About the Dremio collector
Use this collector to harvest metadata for Dremio tables and columns across the enterprise systems and make it searchable and discoverable in data.world.
Important
The Dremio collector can be run in the Cloud or on-premise using Docker or JAR files.
Note
The latest version of the Collector is 2.316. To view the release notes for this version and all previous versions, please go here.
Dremio version supported
The collector supports Dremio version 26.0.
Authentication supported
The collector supports username/password authentication to Dremio.
What is cataloged
The collector catalogs the following information.
Object | Information cataloged |
|---|---|
Columns | Name, Description, JDBC type, Column Type, Is Nullable, Default Value, Key type (Primary, Foreign), Column size, Column index |
Table | Name, Description, Primary key, Schema |
Table Index | Index Cardinality, Column name, Index Type, Index Name, is non Unique, Column Ordinal Position, Pages, Column Sort Sequence |
Views | Name, description |
Schema | Identifier, Name |
Database | Type, Name, Identifier, Server, Port, Environment, JDBC URL |
Relationships between objects
By default, the harvested metadata includes catalog pages for the following resource types. Each catalog page has a relationship to the other related resource types. If the metadata presentation for this data source has been customized with the help of the data.world Solutions team, you may see other resource pages and relationships.

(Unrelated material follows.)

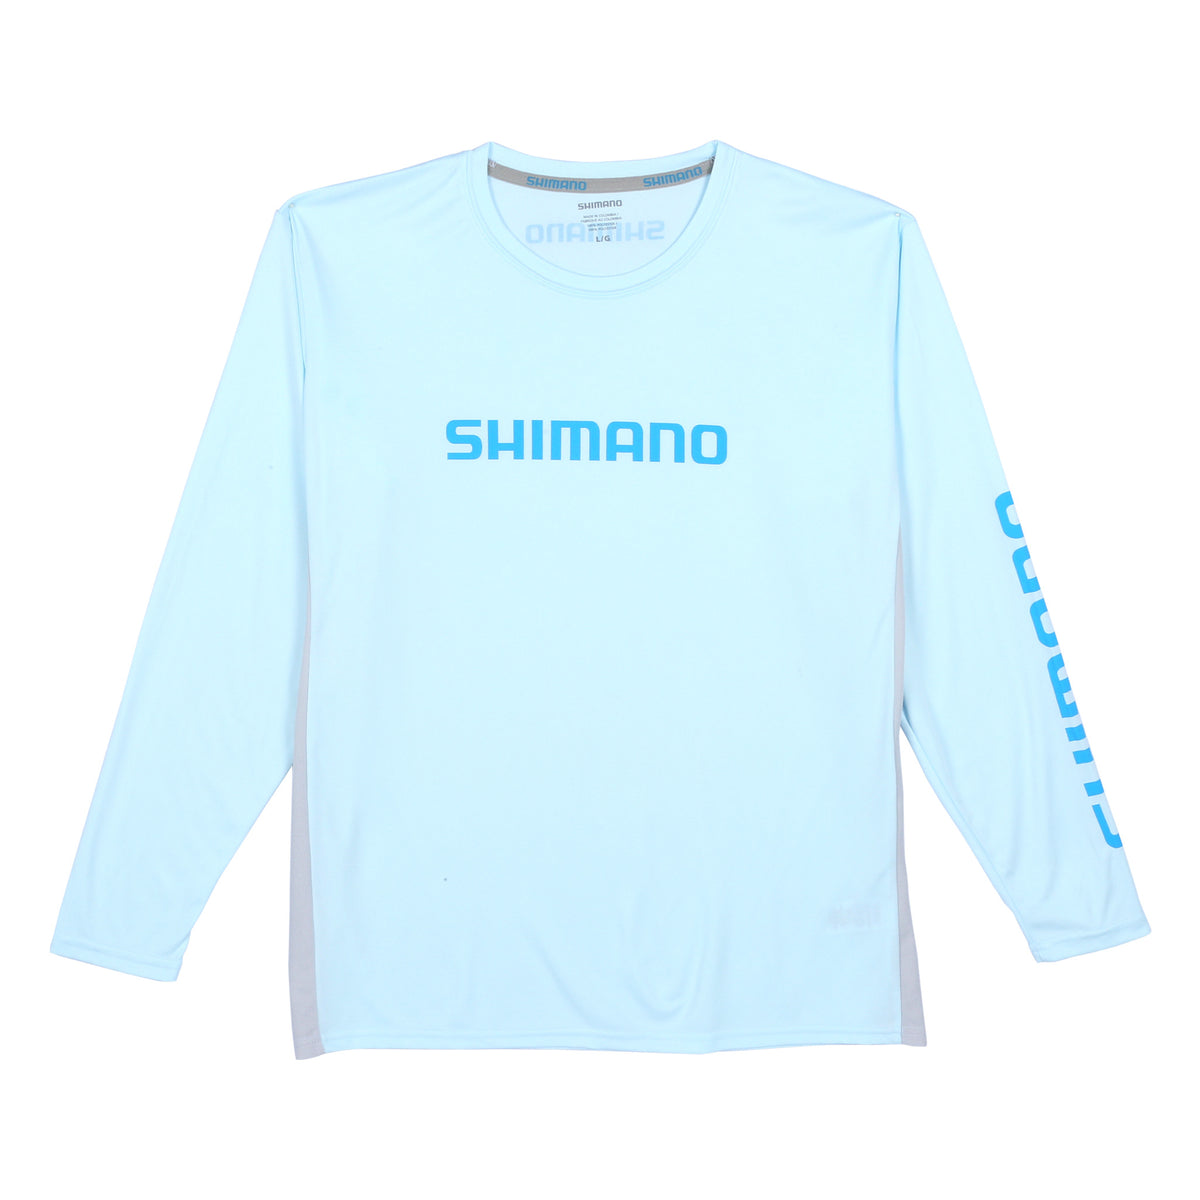 Shimano Fishing Shimano Long Sleeve Tech Tee - White, SM [ATEEVAPLSSWH]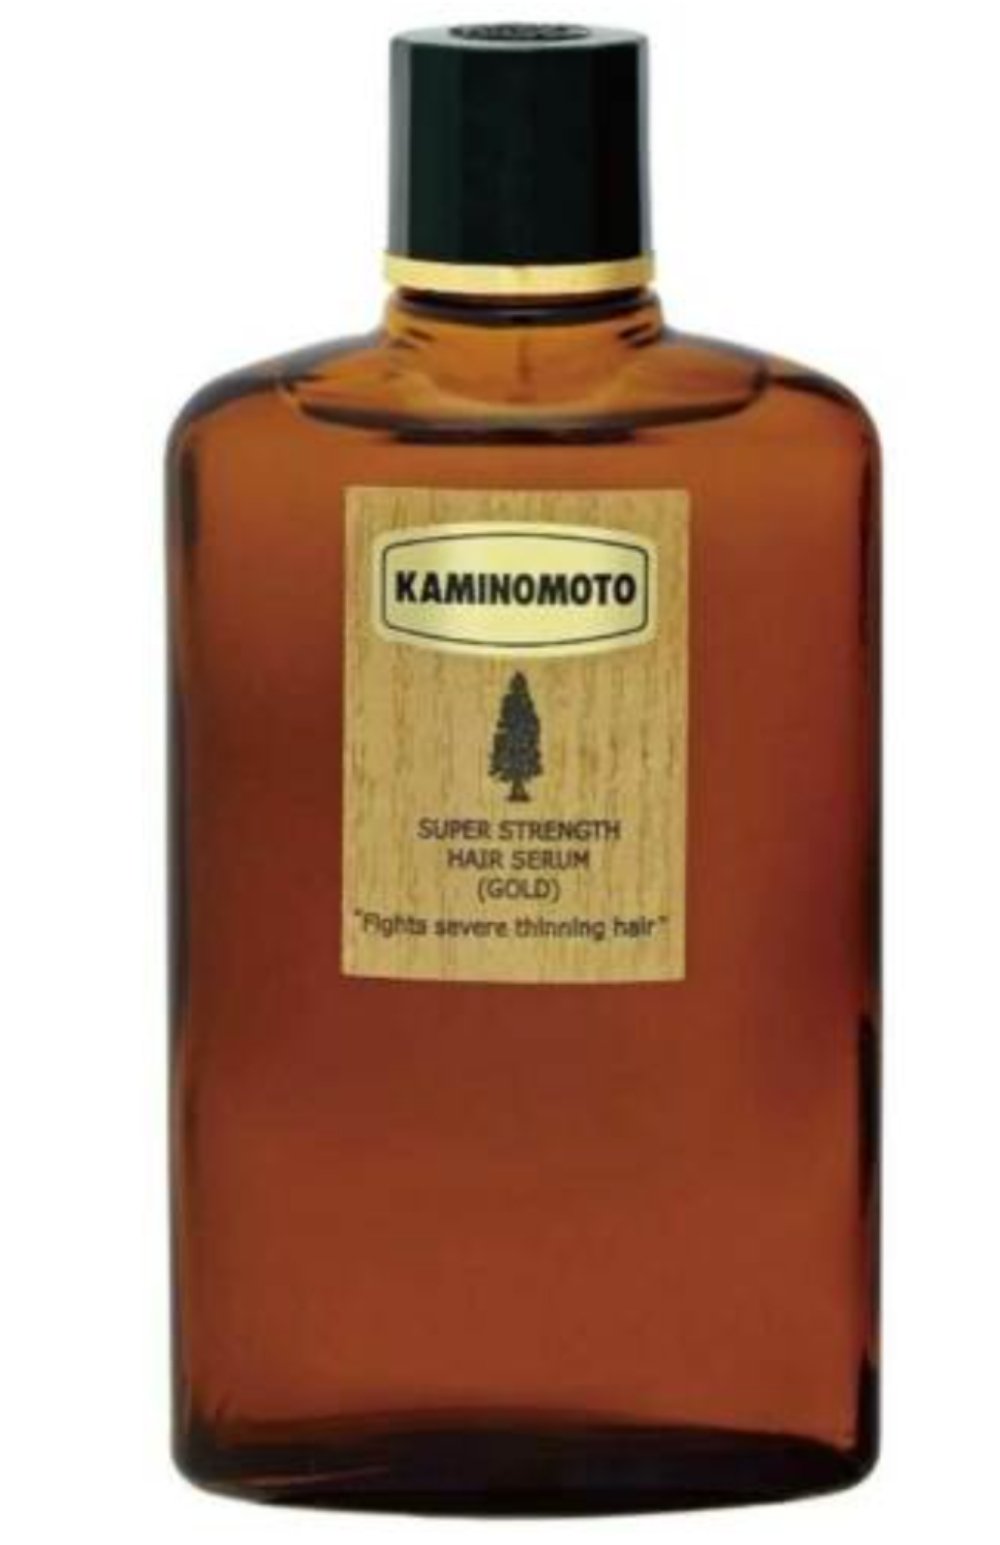 KAMINOMOTO - Super Strength Hair Serum Gold 150ml - The Face Method

Resource page | Relationship |
|---|---|
Table | Columns, Table Indexes |
Columns | Table, Table Indexes |
Table Indexes | Columns |
Schema | Database that contains Schema, Table that is part of Schema |
Database | Schema contained in Database |
Lineage for Dremio
Lineage collection requires the Dremio API server -(-api-server) parameter. The collector obtains inter-table lineage from the Dremio built-in catalog graph via the REST API, and writes lineage relationships for files and datasets represented as tables in the graph.
Without the Dremio API server -(-api-server) parameter, lineage metadata is not collected. The collector harvests only basic metadata available through JDBC, such as tables, columns, schemas, and views.
The collector obtains information about inter-table relationships from Dremio’s built-in catalog graph. It writes a lineage relationship for any files or datasets represented as tables that are found in the graph.